Tehran, 20 July 2006 (CHN) -- By appointing the Washington Lawyer, Thomas Corcoran, as its representative, Iran has taken an important step towards defending its invaluable historical relics in the US Federal Court alongside Chicago University, who from the beginning has put a lot of effort to defend Iran's right over the priceless collection of Persian tablets which are currently being kept in the Oriental Institute of this university in trust for further studies. Chicago attorney, Michael McCormick on behalf of Chicago University and Thomas Corcoran as representative of Iran, will show up at the US Federal court to defend Iran's possession over the clay tablets, trying to win the battle in favor of Iran.
The chaos was created after an American Federal Judge ordered to confiscate the invaluable collection of Persian tablets loaned to Chicago University's Oriental Institute and put them on auction to compensate Israeli victims of the1997 Jerusalem bombing.
According to William Harms, the press contact of Chicago University, the Federal Court in Chicago ruled only of a narrow issue of law that the Chicago University could not assert the sovereign immunity of these artifacts on behalf of Iran and now with the appearance of Iran in the Federal Court, Iran and Chicago University can jointly defend the ownership of Iran over its invaluable historical tablets through their attorneys in the court. "There appears to have been much confusion as to the scope of the judge's ruling. The court did not rule that the artifacts can be confiscated and auctioned by the plaintiffs," said Harms to CHN.
Harms believes that with its appearance in the court proceeding through counsel, Iran has retained and been granted time to formally state its position as to the immunity of these artifacts.
Regarding the long period of time it has taken to study these Persian tablets, Chicago University explained that the process of reading the tablets was very difficult because information about the Persian Empire had been largely limited to non-Persian, especially Greek sources at the time the University experts started decoding the Persian tablets. "Information from the tablets provided an opportunity for the first time to gather data on the Empire from Persian sources," said University of Chicago.

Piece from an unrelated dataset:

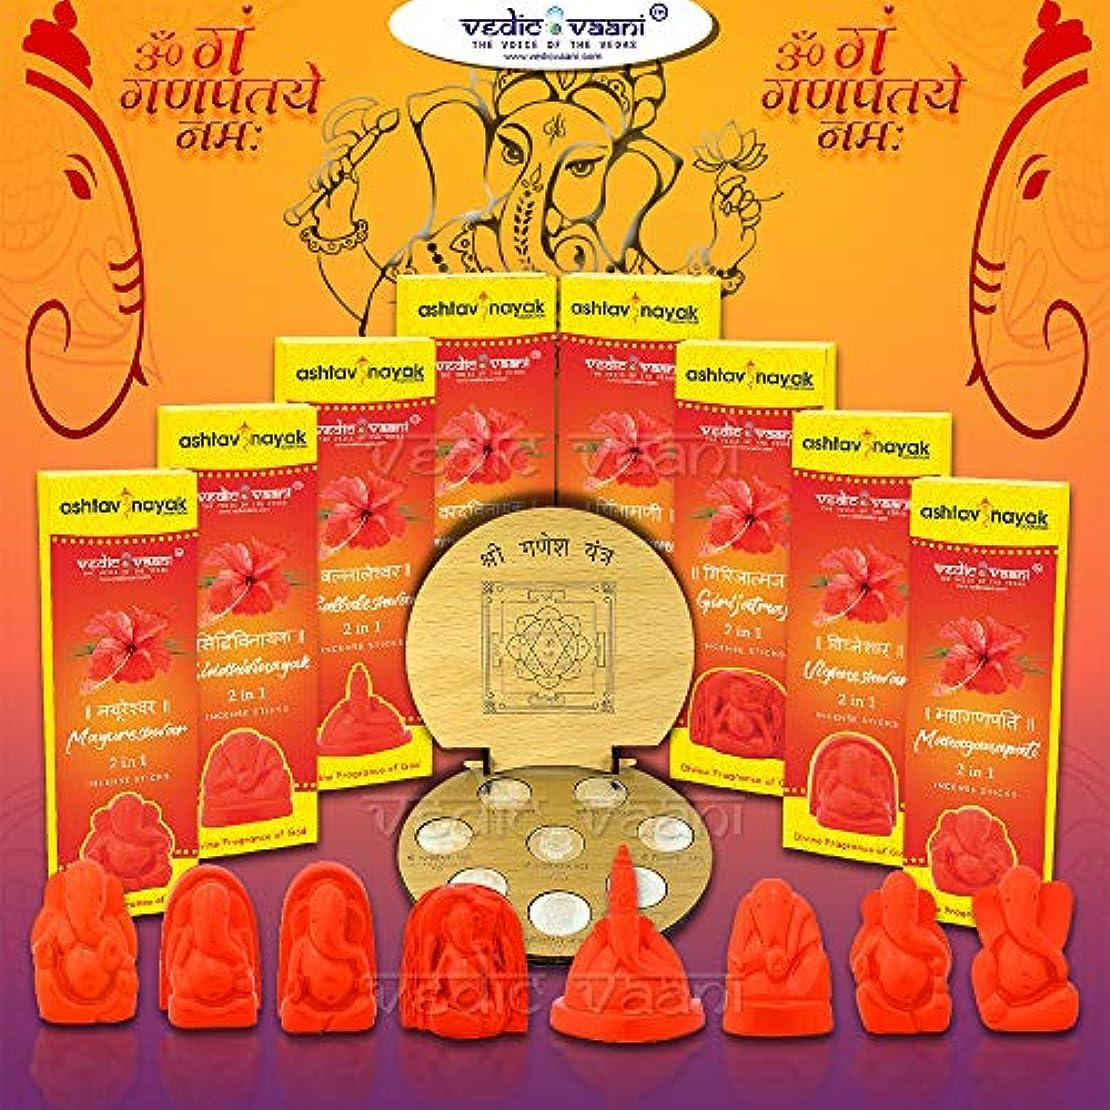 を除くタヒチ脊椎Vedic Vaani Shree Ashtavinayak Darshan Yantra with Ashtavinayak Darshan Set & Ganesh Festival お香セット (各100GM)

In any case, according to Harms, although the University's academic work with the tablets is time-consuming, the majority of the Persepolis tablets have already been returned to Iran. These tablets were discovered in 1933 during the excavations of the archeology team of the University of Chicago in Persepolis historical site, the capital of the Persian Empire during the Achaemenid dynastic era (550 BC-330 BC) in Fars province which was the site of major excavations by the Oriental Institute at the time. Thousands of tablets were discovered by the team which were made of clay and impressed in cuneiform and record administrative details of the Persian heartland from about 500 BC. These tablets were loaned to the University's Oriental Institute in 1937 to be studied. The first group of tablets consisting of 179 complete tablets was retuned to Iran in 1948; another group of more than 37,000 tablet fragments was retuned in 1951; and the last time in 2004, 300 pieces of ancient Persian tablets were sent to Iran which was the first return of loaned archeological items since the 1979 Iranian Revolution.
"The institute has resumed work in collaboration with colleagues in Iran, and the return of the tablets is part of a broadening of contacts between scholars in the two countries. I see returning these tablets as part of a partnership. As we complete our work on other tablets, we intend to return them also," said Professor Gil Stein, Director of the Oriental Institute of Chicago University, who has made a lot of effort to defend Iran's right in the US over the Persian collection. Last week he sent a letter to the president of Iran's Cultural Heritage and Tourism Organization in which he promised to do his best to return Persian artifacts back to their home country.
In response to the recent claims made by Abbas Salimi Namin, Director of the Office for Iranian Contemporary History Studies, that these inscriptions belong to the Elamite civilization and not the Achaemenids, Prof. Stein strongly rejected this theory. "The tablets are precisely dated in the reign of Darius the Great, the Achaemenid king, who founded Persepolis. They were written and filed by an office of the administration created by Darius. Just as the ancient history and languages of the Achaemenids are part of Iran's cultural heritage and identity, today the ancient history and language of the Elamites were part of the Achaemenids' own cultural heritage. The Persepolis tablets tell us much about how the Achaemenids accepted this inheritance," said Stein.
After all, now that Iran has a chance to voice its opinion in the Federal Court through its lawyer, the authorities of Chicago University expressed hope to win the case in the next court which will be held on September 25 and return the Persian tablets to their home country.